Komentarz do Wyjścia 21:16

וְגֹנֵ֨ב אִ֧ישׁ וּמְכָר֛וֹ וְנִמְצָ֥א בְיָד֖וֹ מ֥וֹת יוּמָֽת׃ (ס)

A kto wykradnie człowieka, - czy sprzedał go, czy znajduje się w mocy jego - śmiercią karanym będzie. 

Rashi on Exodus

וגנב איש ומכרו AND HE THAT STEALETH A MAN, AND SELLETH HIM, [AND HE BE PREVIOUSLY FOUND IN HIS HAND, HE SHALL SURELY BE PUT TO DEATH] — Why is this statement made (how does the particular form of words used here tell us some point of law which is not contained in another text bearing upon the same subject)? Since it is said, (Deuteronomy 24:7) “If a man be found stealing any of his brethren … [then that thief shall die]”, I might say that I have here only the law that a man who stole a person is punishable with death. Whence, however, do I know that this is also the case if a woman or a person whose sex is not distinguishable or a hermaphrodite (טומטום ואנדרונינוס) has stolen a person?
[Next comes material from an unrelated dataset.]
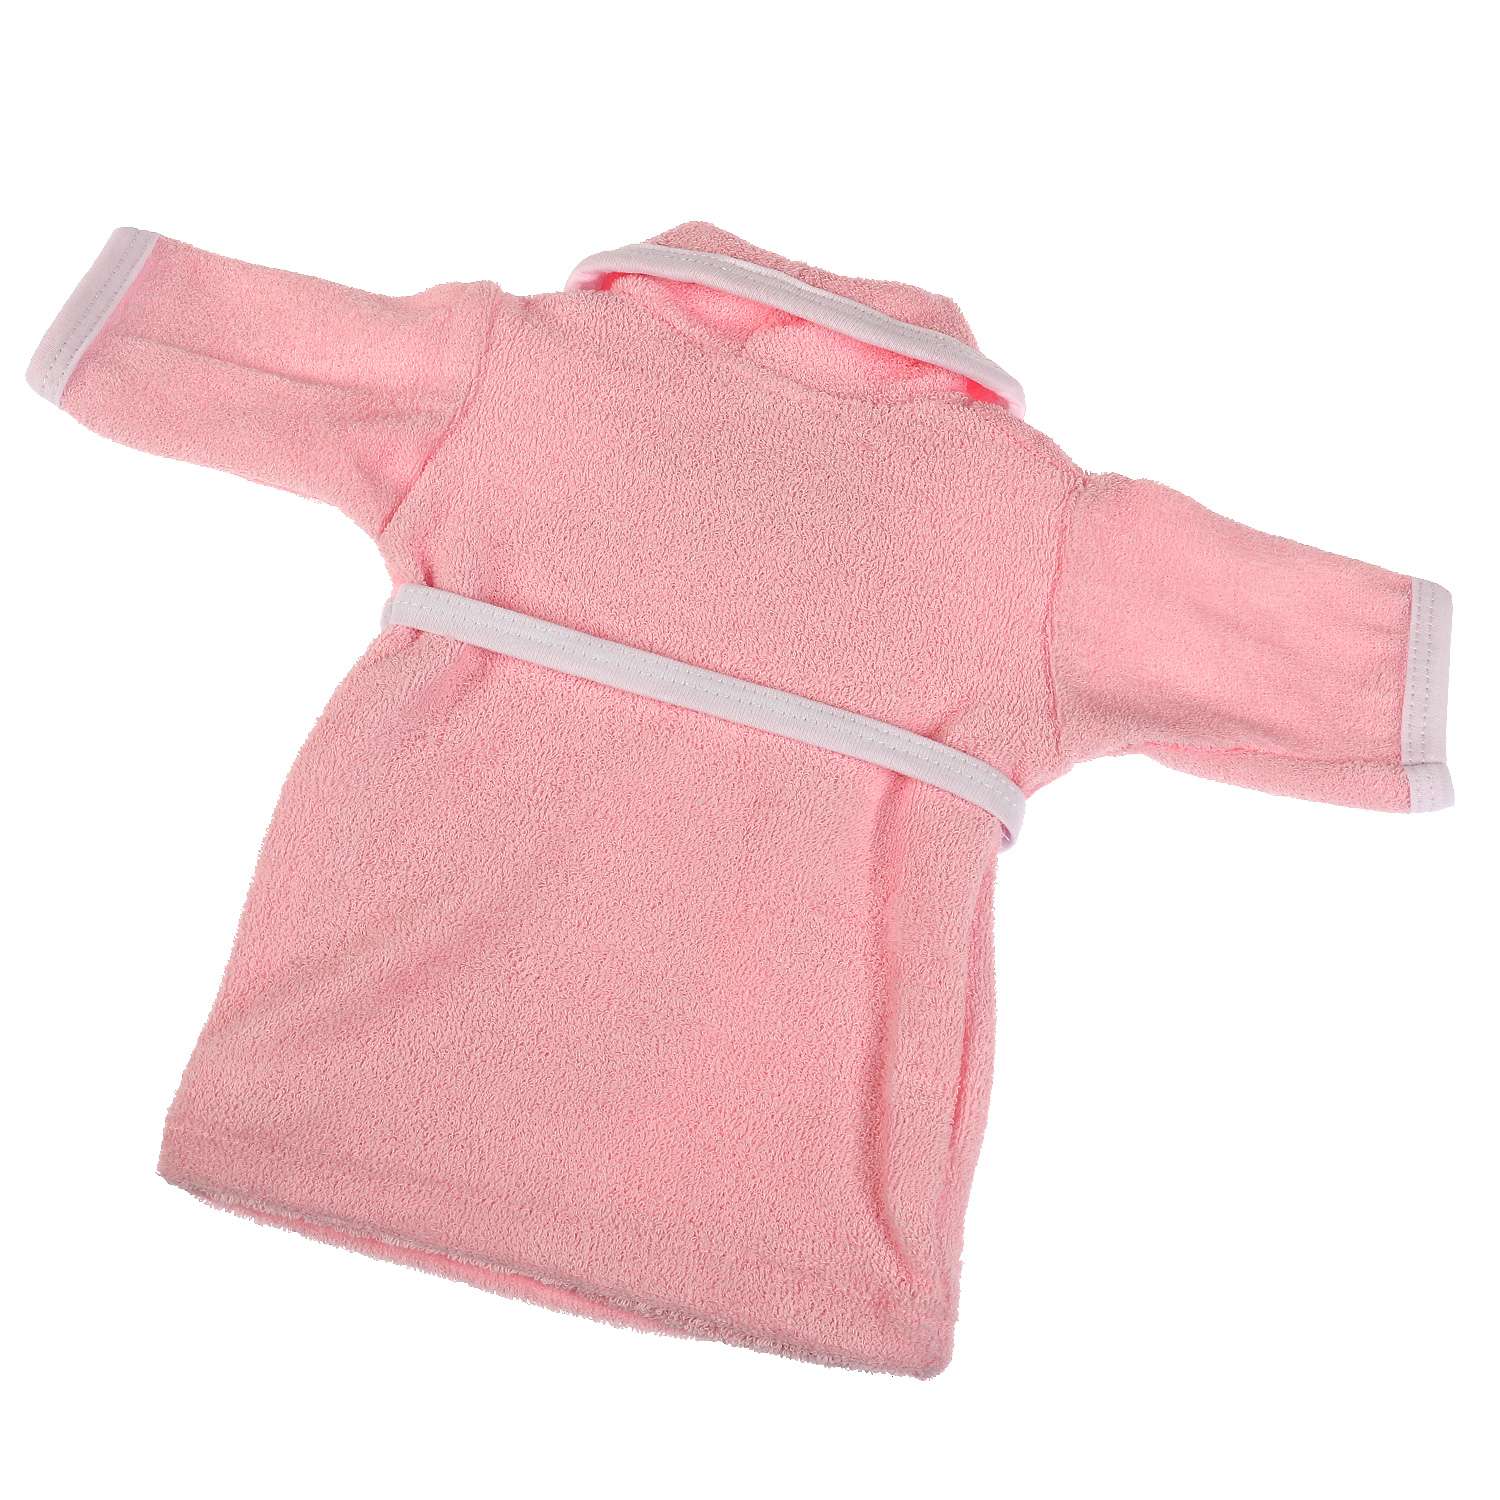 Одежда для кукол Карапуз 40-42 см розовый халат зайка 334998 - фото 2

Scripture therefore states here: “Whosoever stealeth a man and selleth him”. — And again, since Scripture states here: “He that stealeth a man [shall be put to death]”, I might say that I have here only the law that if one steals a man he is punishable with death. Whence do I know that this is also the case if he has stolen a woman? Therefore Scripture states, (Deuteronomy 24:7) “[If a man be found] stealing any person [he shall be put to death]”. Consequently both verses are necessary: what the one omits the other tells us (Mekhilta d'Rabbi Yishmael 21:16:2; Sanhedrin 85b).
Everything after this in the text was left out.